La mattina, proposta come quinta tappa del “Meeting nazionale giornalisti cattolici e non”, non delude le attese, soprattutto quando prendono la parola i tre detenuti che la direttrice, Lucia Feliciantonio, ha pensato di fare intervenire.
“Ora sono qua da protagonista – dice Toni in avvio di testimonianza -. Prima ero bellicoso, ma ora sono cresciuto. Vado a scuola per riacquistare la mia dignità. Frequento anche un piccolo laboratorio di teatro e questo mi ha destabilizzato. È un mio modo per chiedere scusa a mio padre. Lui era analfabeta e io sono uno dei suoi sette figli. Il futuro ora per me è una scommessa. La mia è una vita incompiuta”.

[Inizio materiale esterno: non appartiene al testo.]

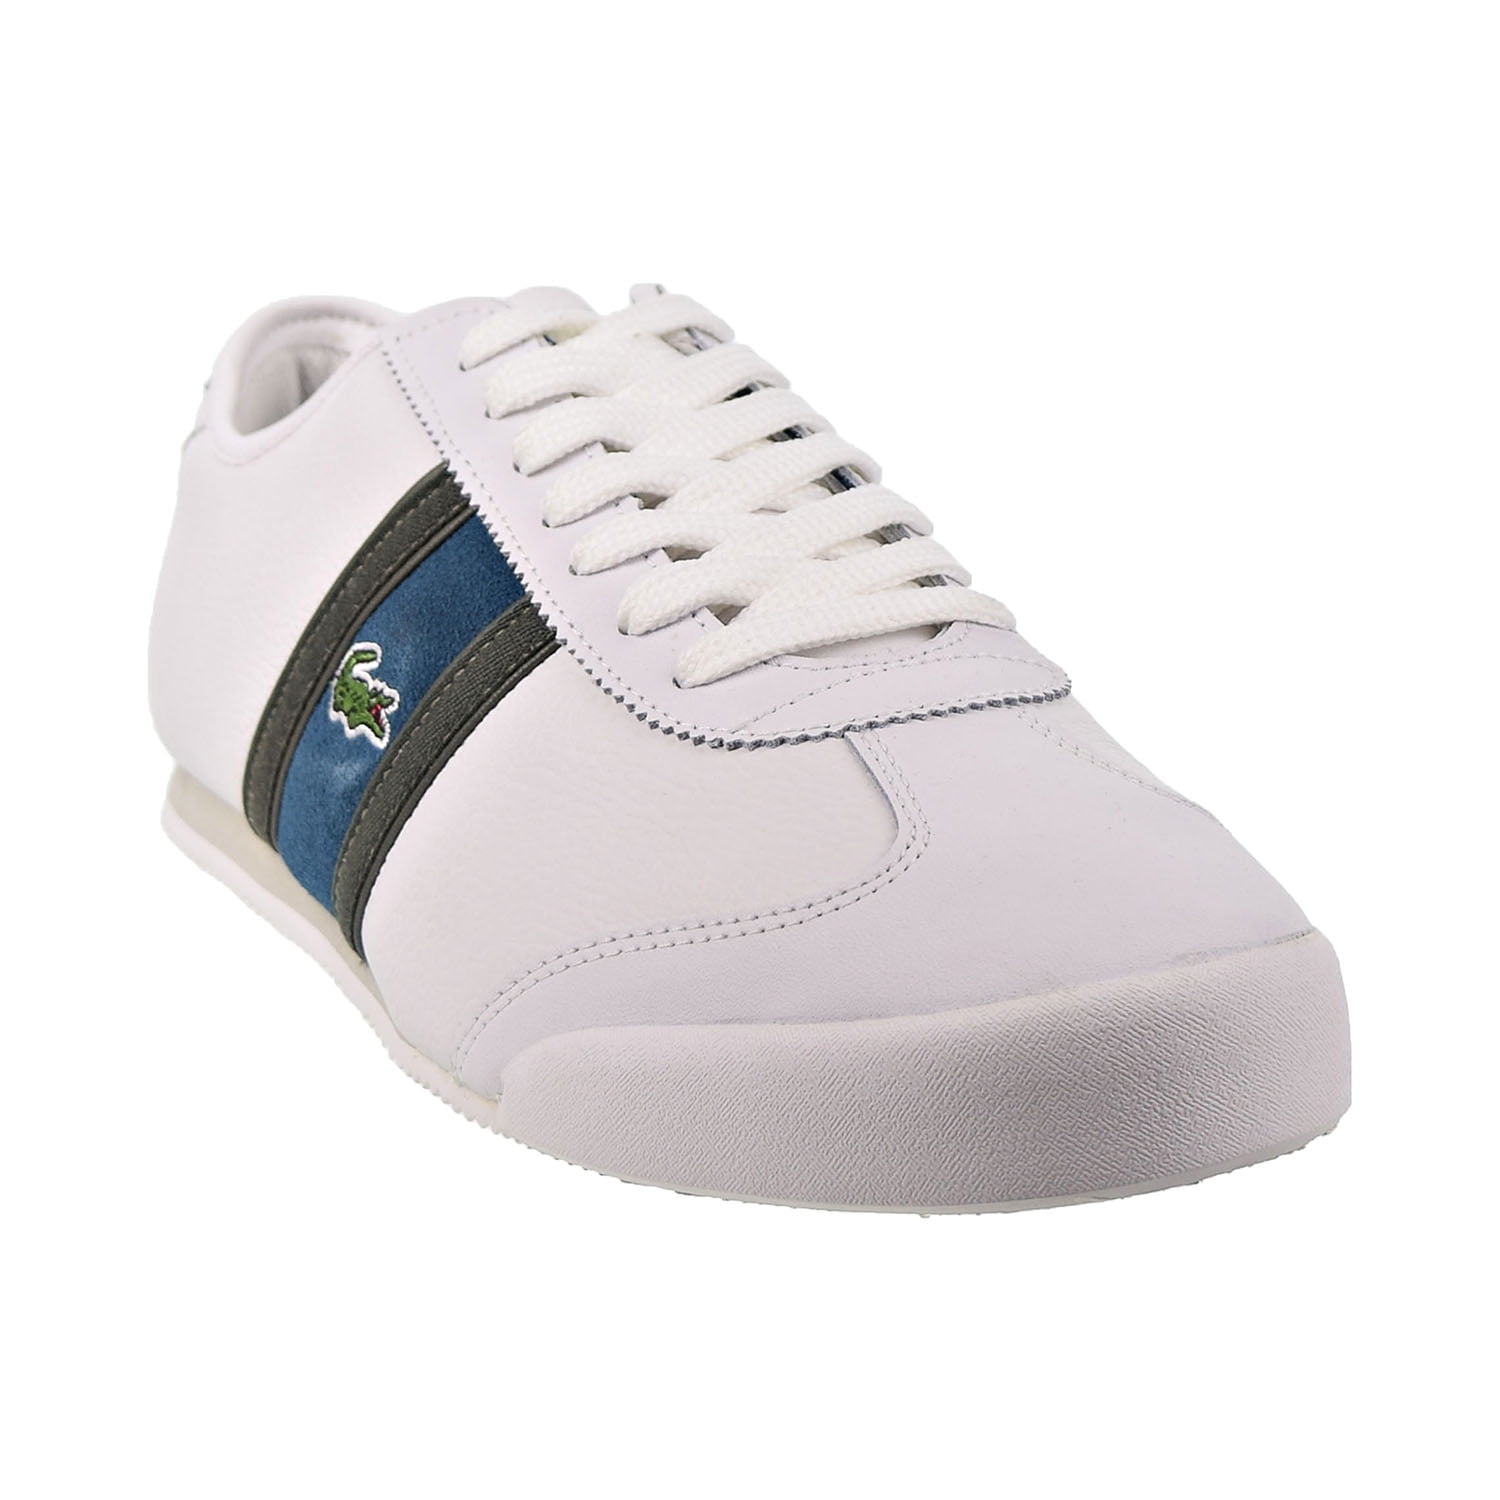 Lacoste Tourelle WS SPM Men's Shoes White-Dark Green 7-22spm6171-1r5 - Walmart.com

Gli fa eco Antonio, di origini pugliesi, da sei anni in carcere. “Ho sempre ammesso le mie colpe e non è la prima volta che entro qua. Non me la sono mai presa con la società. Ho due figli, uno di 40 anni, l’altro di 30. Facevo l’ambulante. Ora ho la possibilità di lavorare e di poter guadagnare anche qualcosa”.

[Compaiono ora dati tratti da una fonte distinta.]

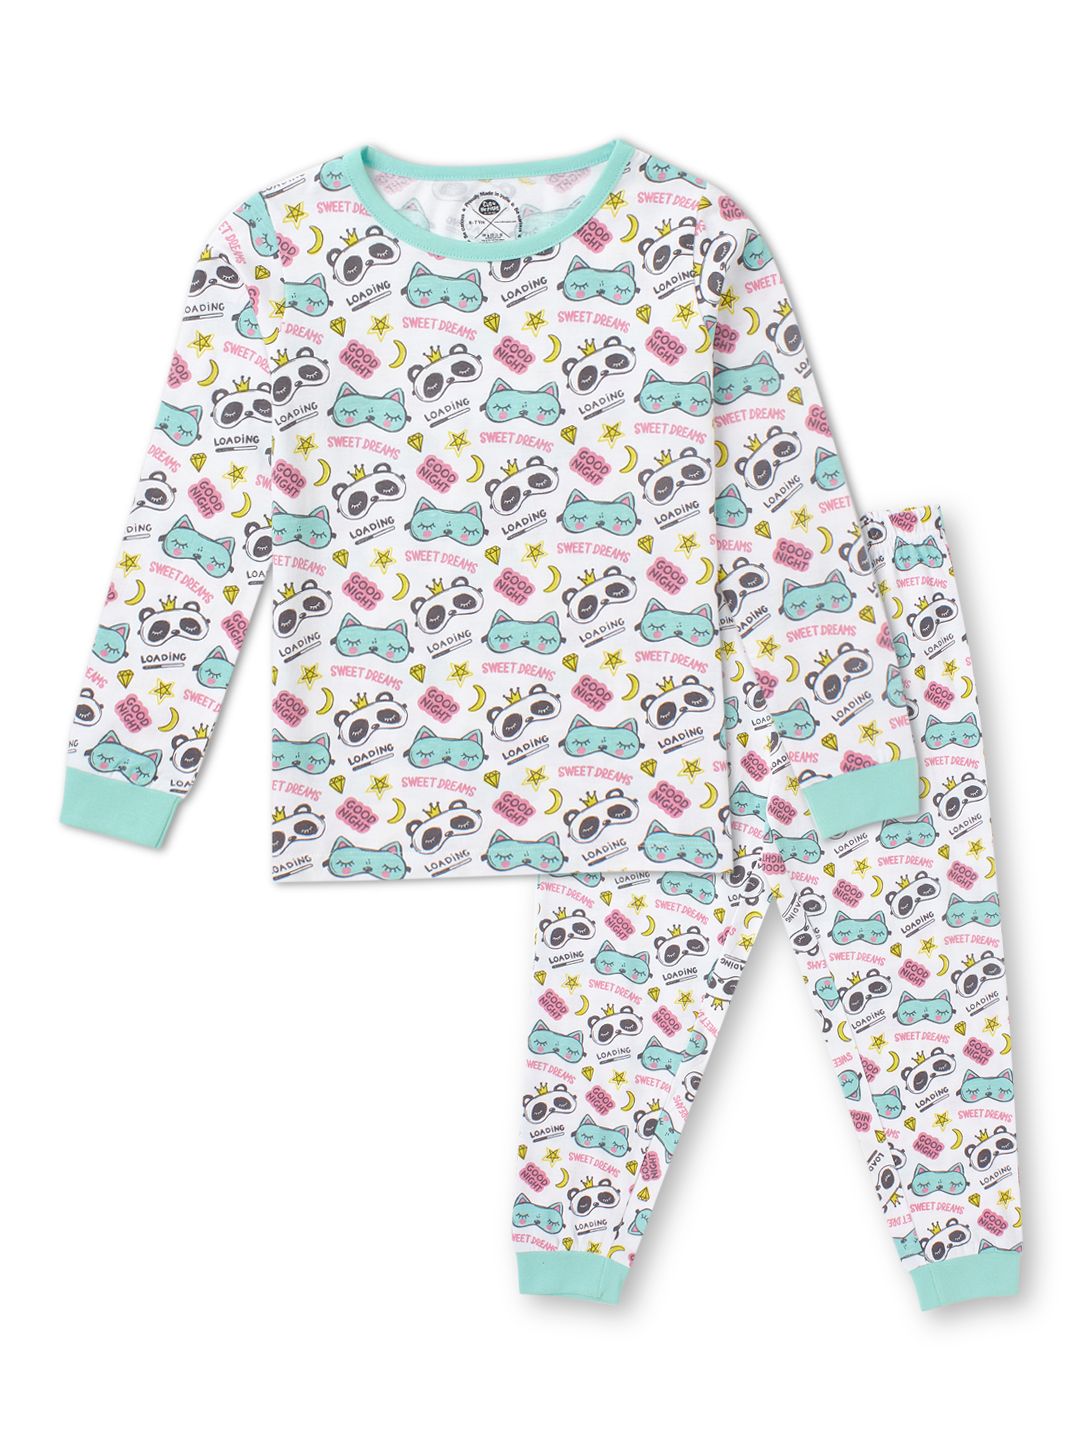 Cub McPaws Girls Sleepwear |100% Cotton kids night dress set

“È la mia 18esima detenzione – dice Giampiero, 50 anni -. Sono sempre stato irrequieto e trasgressivo. Oggi ho fatto pace con me stesso. Riesco anche a occuparmi degli altri. Non so cosa mi sia successo. Mi basta un sorriso, quello che ti ripaga di tutto. Da boss a Oss (operatore socio sanitario, ndr) posso dire ora, per il volontariato che svolgo”.
“Il pregiudizio si vince conoscendo – aggiunge la direttrice Feliciantonio -. Il carcere è luogo di periferia e di confine. Tra giustizialisti e permissivisti, vorremmo collocarci tra quanti hanno a cuore un umanesimo che mette al centro la persona. La pena andrebbe interpretata come progetto di vita e il lavoro come tempo detentivo costruttivo, contro l’ozio in cella e l’abbruttimento davanti alla tv. Il carcere è una risorsa e i detenuti pure. Non sono rifiuti della società”.
Il vescovo di Ascoli Giovanni D’Ercole ricorda come sia stata una mattina speciale, senza cellulari, con i presenti impegnati nell’ascolto reciproco e nell’attenzione ai dettagli. “Ciò che si vive da dentro non si può capire da fuori”, aggiunge con la forza di chi viene spesso qui, dietro queste sbarre, mentre il direttore Tarquinio ricorda come le parole possano essere usate contro le persone, per ferire e colpire.
Una grande responsabilità per i giornalisti. Al termine scattano i saluti, gli abbracci, lo scambio di piccole esperienze di vita, il desiderio di una maggiore conoscenza. Parte anche una promessa di un nuovo incontro, magari per ridare forma al giornale del carcere, fermo all’edizione del 2013. Le emozioni sono state forti, quelle vissute dentro quelle mura, dietro dieci porte blindate che ci separano dal nostro mondo, quello libero. Si rimane senza parole, barcollanti, dopo incontri così intensi, senza veli.
Non resta che prendere la penna per scrivere una dedica: “Ascoli Piceno, 19 ottobre 2018. A tutti i detenuti. Voi siete dentro e io fuori. Vi guardo negli occhi e mi chiedo perché”.